The Great Sothic Cycle was a calendrical cycle based on the heliacal rising in July of the star Sirius (known to the Greeks as Sothis) and lasting approximately 1460 years. According to ancient Egyptian mythology, in a Golden Age, the beginning of the flooding of the Nile coincided exactly with the rising of Sirius, which was reckoned as the New Year. Only once every 1460 years did Sirius rise at exactly the same time. Thus, the coincidence of this along with the concurrent beginning of the flooding of the Nile gave the event major cosmological significance by heralding not just the beginning of a new year, but the beginning of a new eon. This event also was thought to herald the appearance of the phoenix, a mythological bird which was reborn every 500 to 1000 years out of its own ashes. According to one version of the myth, each new phoenix embalmed its old ashes in an egg of myrrh, which it then deposited in the Egyptian city of Heliopolis. So important was the advent of the new Great Sothic Cycle, both to the realignment of the heavens and its signaling of the annual flooding of the Nile, that the Egyptians celebrated it in a five-day festival, which emphasized the important cosmological significance.

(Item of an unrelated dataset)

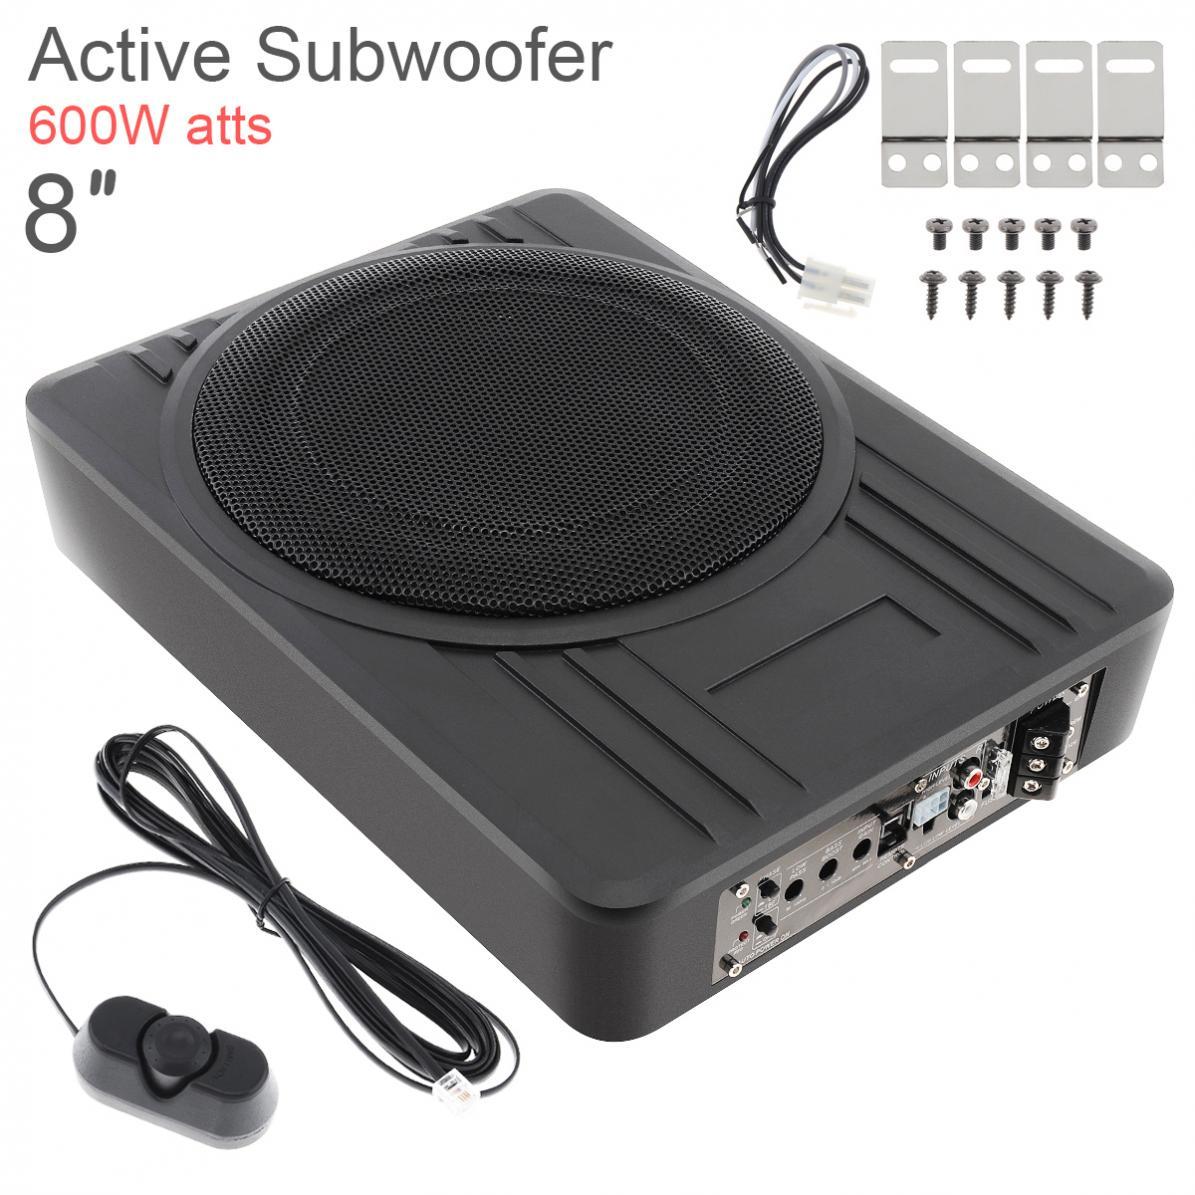 Noir universel 12V 8 pouces 600W Fuselage mince sous siège voiture Subwoofer actif amplificateur de basse haut-parleur

In the third year of the reign of Antoninus Pius (AD 139/40), a new Great Sothic Cycle began. To mark this event, the mint of Alexandria struck an extensive series of coinage, especially in large bronze drachms, each related in some astrological way to the reordering of the heavens during the advent of the new Great Sothic Cycle. This celebration would continue throughout Pius’ reign, with an immense output of coinage during the eighth year of his reign in Egypt, which included this coin type, part of the Zodiac series.